Email Marketing Question – When does personalization get too personal?

by Scott Cohen on July 26, 2009

in Email Marketing

Where is the line?

As I gear up to begin the arduous process at work of overhauling WGU’s entire automated messaging system (for the entire enrollment process) with the help of a newly signed email service provider (ESP), I find myself asking this question frequently. What is personalization and when does it get too personal?

To answer the first part “officially,” I turned to Email Marketing: An Hour a Day by Jeanniey Mullen and David Daniels. Their definition reads as follows:

Personalization: A targeting method in which an email message appears to have been created only for a single recipient. Techniques include adding the recipient’s name in the subject line or message body or having the message offer reflect a purchasing, link clicking, or transaction history.”

In WGU’s messaging, adding the recipient’s name in the message body is something we already do. In looking at the capabilities with our new ESP, there are so many ways we can personalize the email message that it’s almost scary. So where is the line drawn? How much is too much?

One example I keep thinking of as going a bit too far would be the “Abandoned Shopping Cart” messages. I’ve received the “Hey, you forgot to finish your order” messages within 10 minutes of leaving the site. I think that’s a bit too soon–particularly if the message includes the item you almost but didn’t buy. Seen that before, too.

Personalization definitely has its uses. I got an email from Amazon.com today that was a great use of personalization. Here’s a sample from the message (with subject line on top):

Amazon_Example_SubjectLine

Amazon recommendations

Amazon recommendations

This may not have included my name, but think about the relevance of it. I have purchased several email marketing books in the past, oh, 10 months or so. And it’s obviously still quite a relevant subject for me, so this could not have been more perfect. The fact that I received this about a month after purchasing my last marketing-related book (“Tribes” by Seth Godin–fantastic by the way) was great timing as well as I’m about to finish another book.

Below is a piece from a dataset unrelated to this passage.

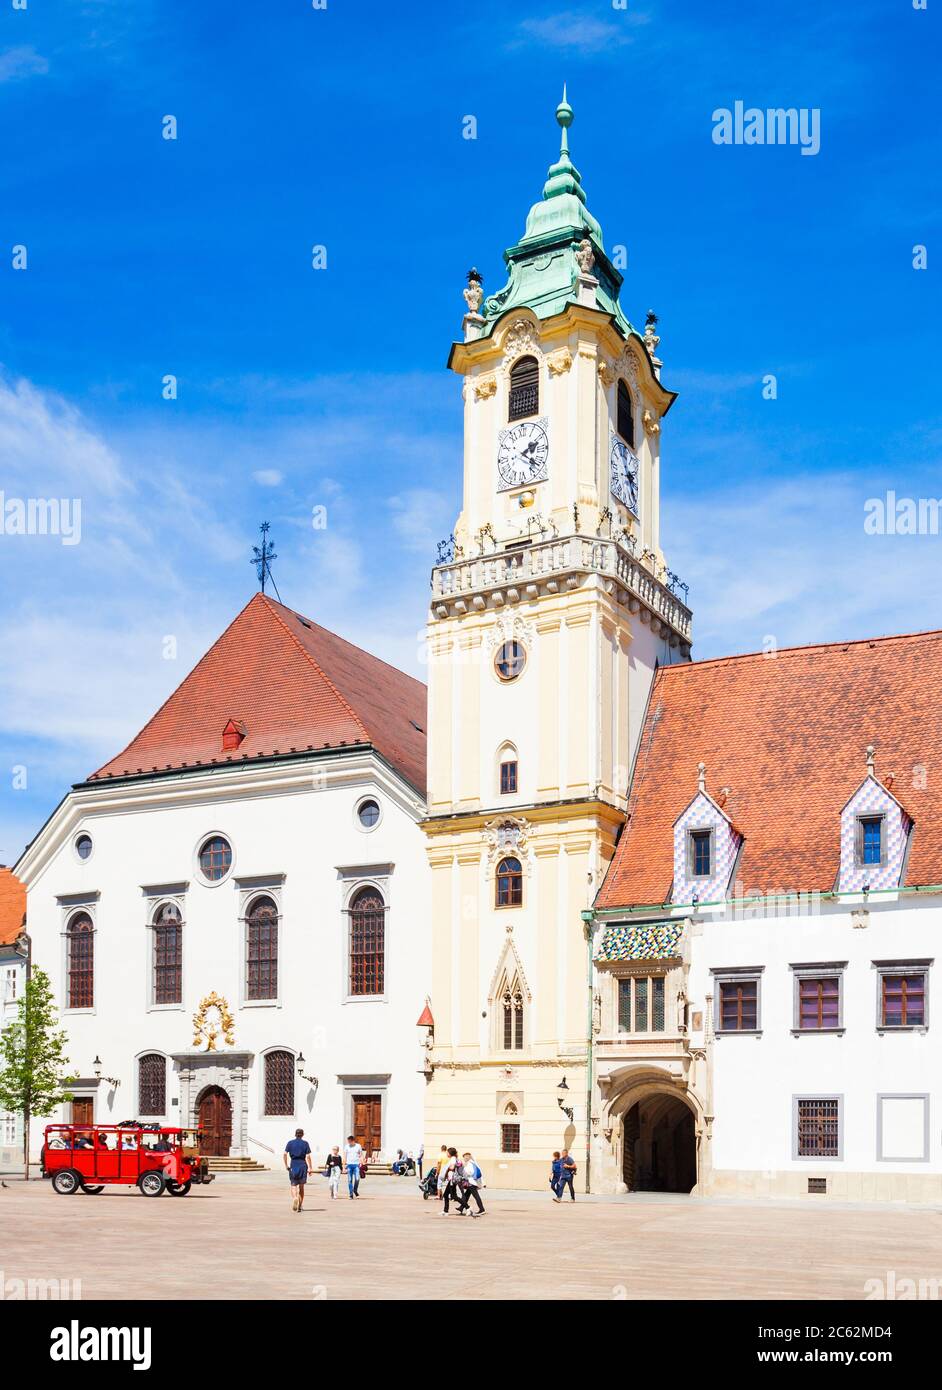 Das Alte Rathaus von Bratislava ist ein Gebäudekomplex in der Altstadt von Bratislava, Slowakei. Das Alte Rathaus ist das älteste Rathaus der Slowakei. Stockfoto

That said, my question goes out to the email marketing community–where is the line drawn between perfect personalization and a little too close to creepy?

Please comment!

Links:
Email Marketing: An Hour a Day - Jeanniey Mullen and David Daniels
TribesSeth Godin

This work, unless otherwise expressly stated, is licensed under a Creative Commons Attribution 3.0 Unported License.

{ 2 comments }

John Caldwell July 28, 2009 at 7:41 am

I wouldn’t call “personalization” a “targeting method”, unless maybe you’re overstocked with grains of rice with peoples names….

Historically and at it’s most basic level personalization is including some sort of personal information – supplied by the recipient during subscription or purchase – into the body of an email message. At a more advanced level it is using some sort of behavioral data to make the message more personally meaningful to the recipient, such as your Amazon example.

Where it gets creepy is when behavioral data is over used or where data that wasn’t provided by the recipient is appended and then used.

If a recipient has provided you with their city or state of residence and you insert that data into a message, uless you get weird with it, it usually isn’t considered creepy (and if you target by that information it is considered geo-targeting, not personalization targeting).

If you gathered the recipient’s city and state using IP tracking technology and insert that data into a message, if the data is correct it’s creepy, and if it’s not you’ll look stupid.

Think of it as if you were the recipient. Without parsing words or playing semantics to justify, if it seems creepy to you then it probably is.

Now think of your mother as the recipient. Would she find it creepy? If your mother would find it creeoy the probability that it really is creepy just went up….

Emily August 3, 2009 at 6:29 pm

I agree, I would like Amazon to suggest items I might like…that’s sometimes nice.

But by contrast, take for example, LinkedIn. I set up an account with extremely minimal information (to use as a professional alternative for those clients who insist on Facebook-ing me). And seriously, all I typed in was my current workplace and my name – my married name (which is common as toast, there are million Emily Carlsons in the world). Suddenly, it was suggesting that I “link” with old college friends, distant family members on my mother’s side, and all my coworkers from my first job (where I still had my maiden name). That was enough for me. Waaaaay creepy. I have no idea how a computer program could possibly know all that, and I definitely don’t think it SHOULD.

My two cents on the email thing – as long as you stay in the realm of “casual acquaintance” and don’t cross the line into “omniscient stalker” you’re fine.